Older people and technology
Older people have identified independence, autonomy, and feeling safe as prerequisites for living at home, and have shown an interest in WT’s ability to allow this possibility [13]. Older people often use WT to communicate and see it as a tool that maintains relationships and reduces feelings of loneliness [14]. At the same time, these people want to continue their lives as before [4]. Therefore, telecommunication robots may enable the person to have more social contacts [15]. Similarly, companion robots are sometimes introduced into older people’s homes to provide some companionship and stimulate cognitive function [16]. However, most WT solutions have been developed for specific user groups, namely older people who have not traditionally used advanced technology [17]. Older peoples’ interactions with ICT are still limited [18]. Some do not even own a smartphone, and many feel overwhelmed by new technology and fear to use it [19,20]. Another important factor is that fewer than half of older people have computers at home. These are essential considerations when introducing these technologies into private dwellings [10,14].

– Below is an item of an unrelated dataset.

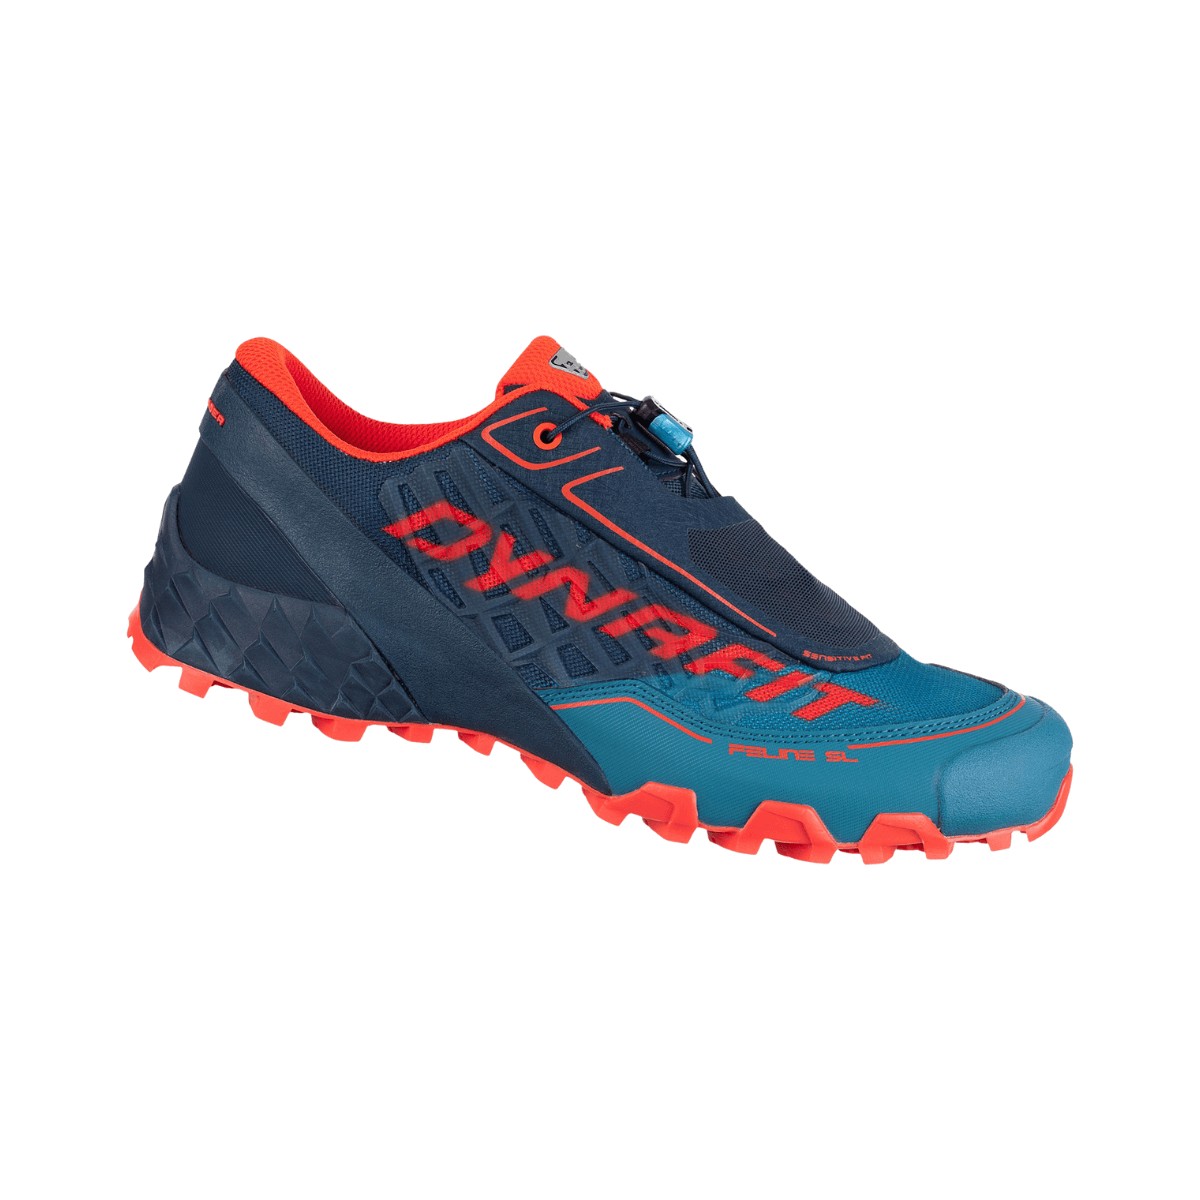 Schuhe Dynafit Feline SL Blau Rot, Größe 42 - EUR

At the same time, a high rate of adverse hospitalization outcomes have been documented, and it is important to evaluate strategies for improving patient self-management during the transition to home [21]. Using simply designed and user-friendly mobile technology to deliver training in the home environment can increase accessibility for many older people [22]. Furthermore, research is continuing on the use of commercially available tablets to facilitate communication in people with degenerative or chronic neurological conditions [23]. These devices may improve an individual’s memory, sense of control, communication, and overall independence [24]. Technology-assisted interventions in the home environment can also help manage chronic diseases [25]. There is emerging evidence that these relatively affordable devices have the potential to facilitate recovery as an adjunct to standard therapies [26]. This data highlights the potential benefits of recovery through the provision of interactive technology during rehabilitation [27].
Despite the potential of technology-enabled interventions, the possible negative effects of ICT cannot be ignored. For example, an overly complex user interface can lead to stress or feelings of overload, which can hinder its inclusion and acceptance [28]. If users feel that WT threatens their independence or disrupts their relationship with their primary care provider, they will not use it. Loss of privacy has been identified as a serious issue, and there are concerns about how such interventions might contribute to stigmatization and loss of autonomy [29]. Likewise, it is essential to consider how the technology is integrated into older people’s homes or other locales, e.g. hospitals, so that they are part of the decision-making process [19].
The aim of this systematic review was to examine different types of interventions and assess the effectiveness of welfare technology interventions for older people living at home.
Methods
The systematic review of randomized control trial (RCT) interventions followed the PRISMA statement [30], guidelines of the Center for Review and Dissemination (CRD) for systematic reviews [31], and the Cochrane Handbook for Systematic Reviews of Interventions [32]. The study was prospectively [33] registered in PROSPERO [34,35] (Register number CRD42020190316).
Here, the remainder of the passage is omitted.